[Exercise aim]
Could you retype every line below exactly, omitting the images?

[Data extract]
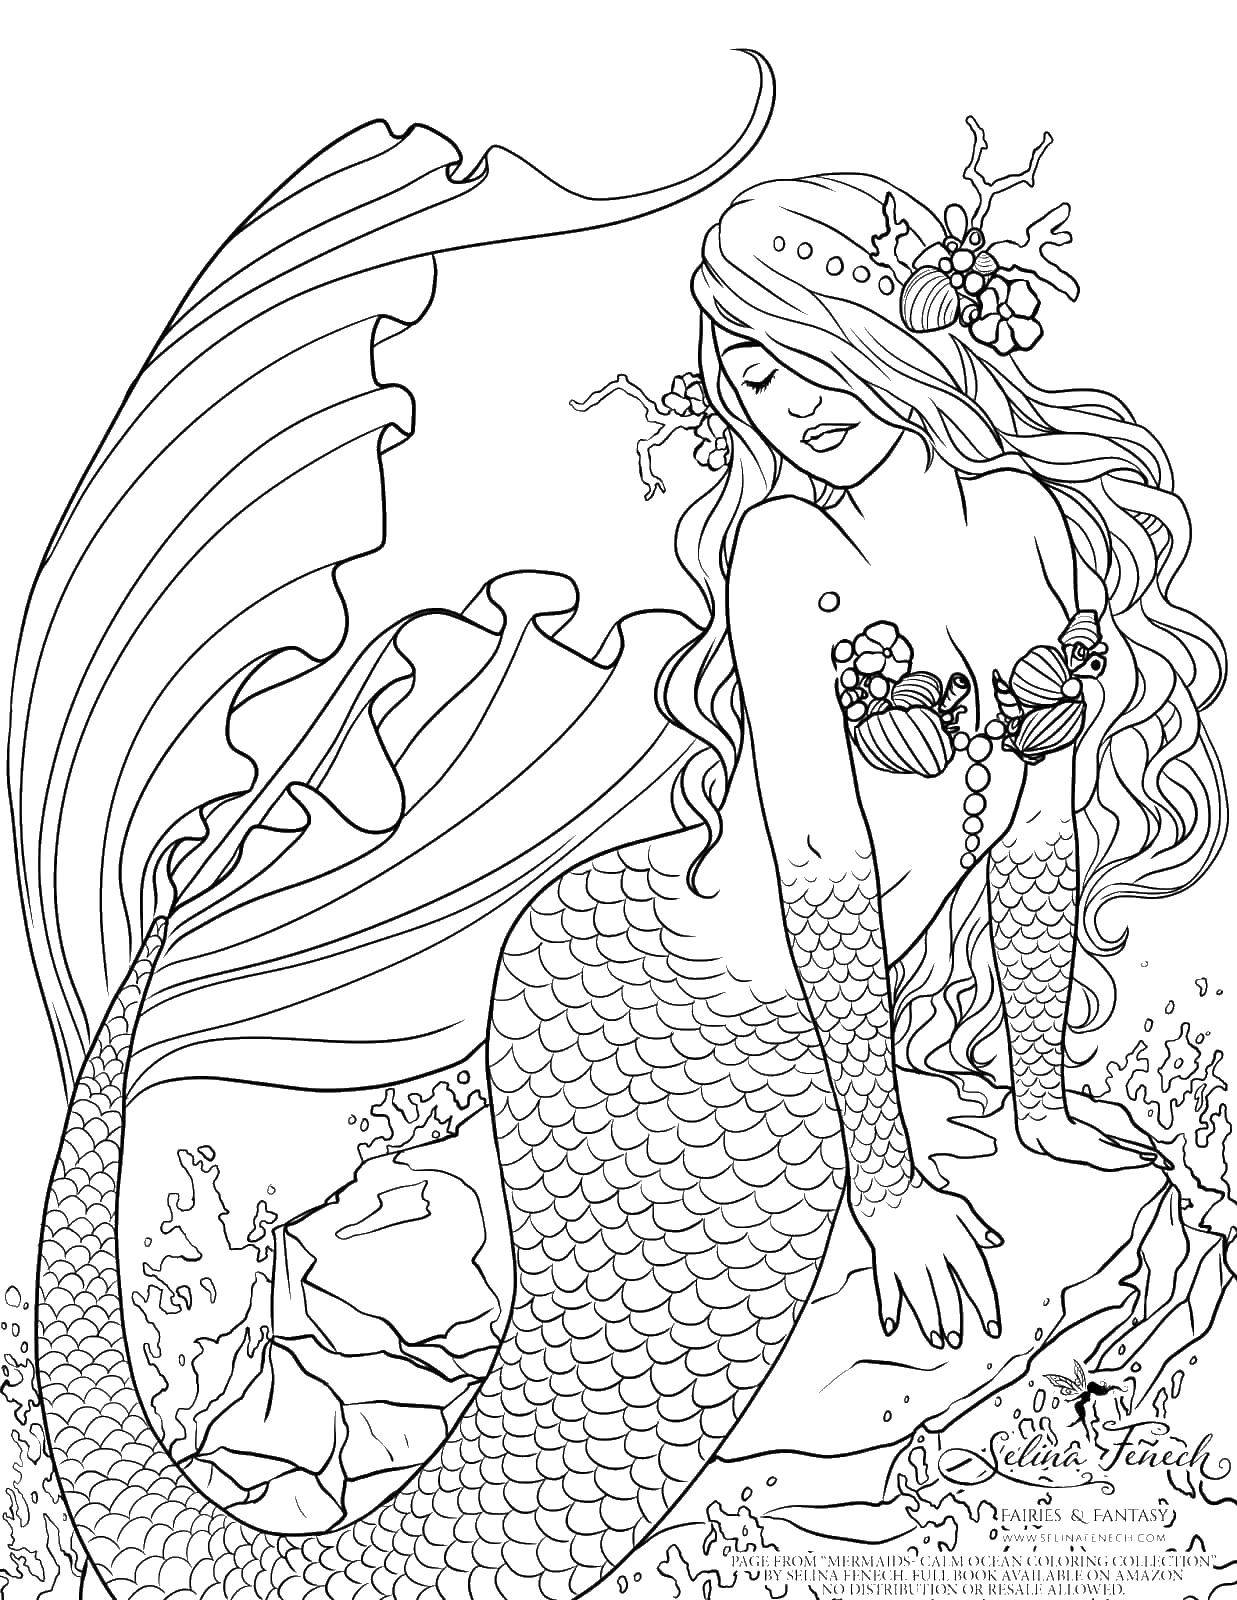 Coloring Beautiful mermaid. Category Fantasy. Tags:  fantasy, mermaid, girl.
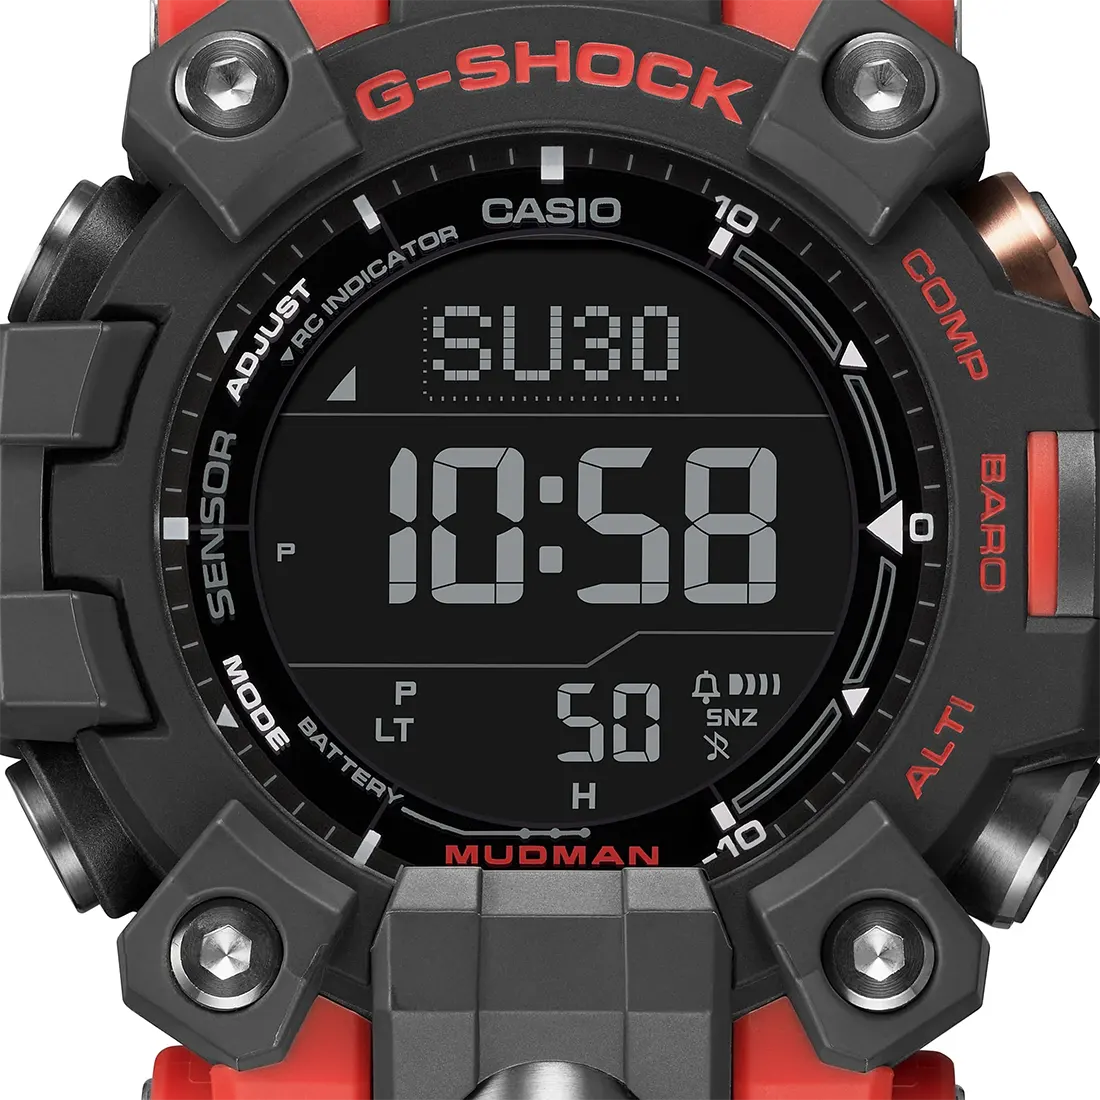 CASIO G-Shock Master Of G-Land Mudman Black Rubber Strap GW-9500-1A4
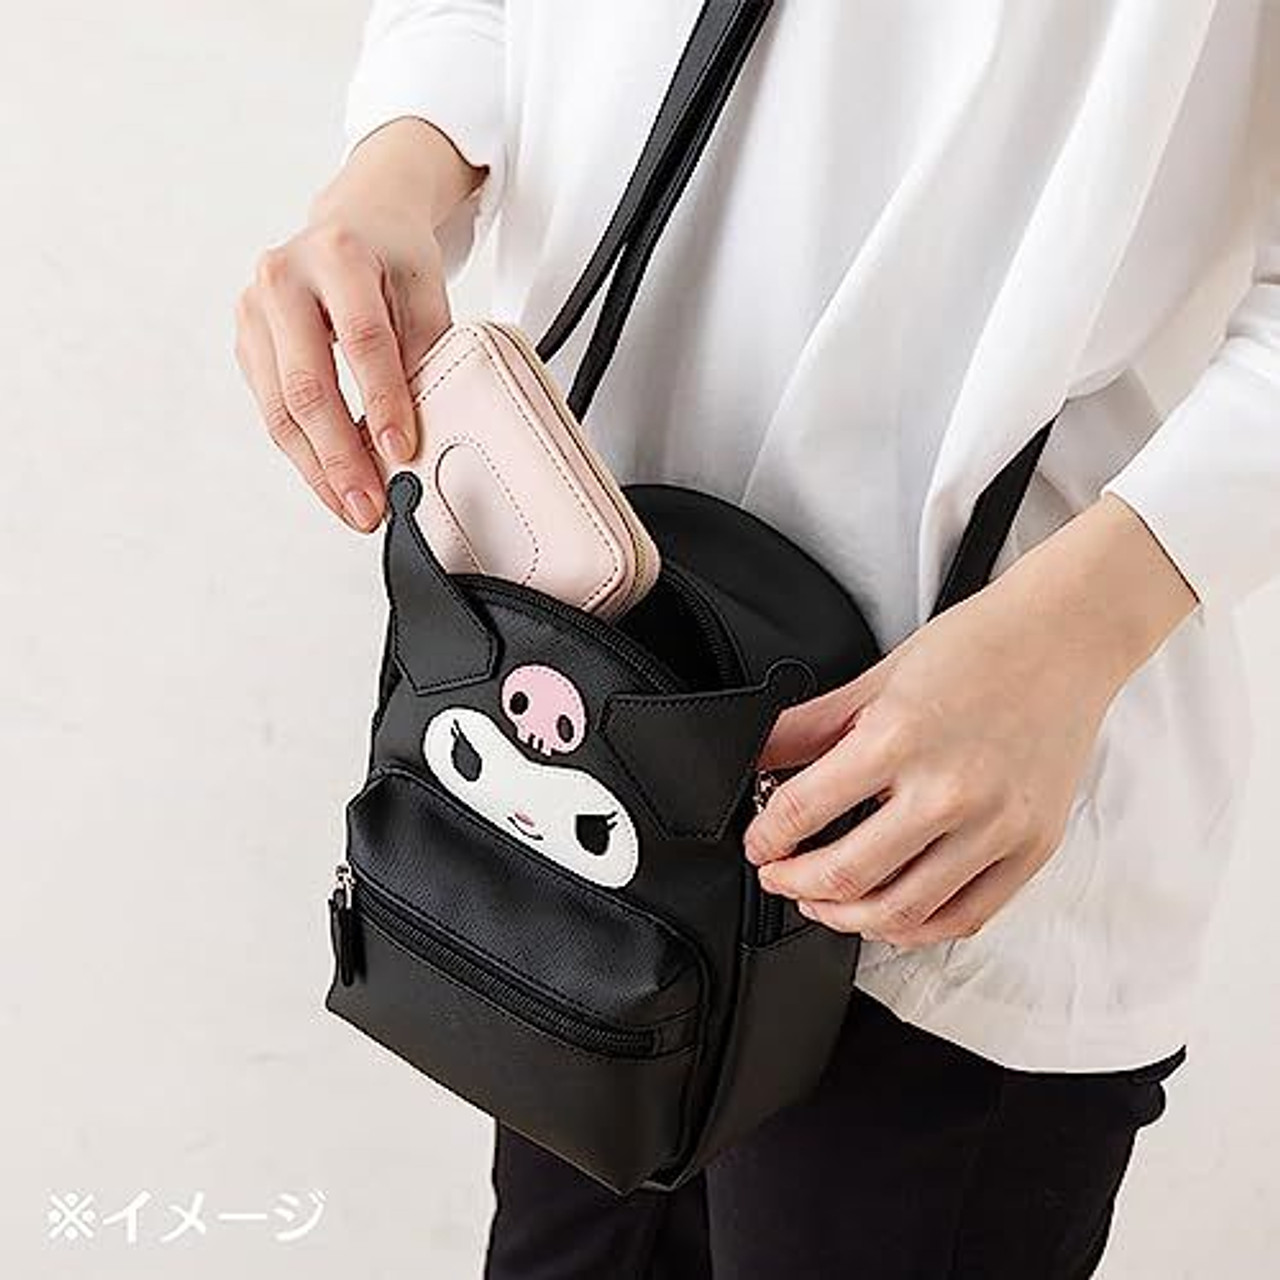 Sanrio - My Melody Pochette Handbag with Charm

[The answer]
 Coloring Beautiful mermaid. Category Fantasy. Tags:  fantasy, mermaid, girl.
 CASIO G-Shock Master Of G-Land Mudman Black Rubber Strap GW-9500-1A4
 Sanrio - My Melody Pochette Handbag with Charm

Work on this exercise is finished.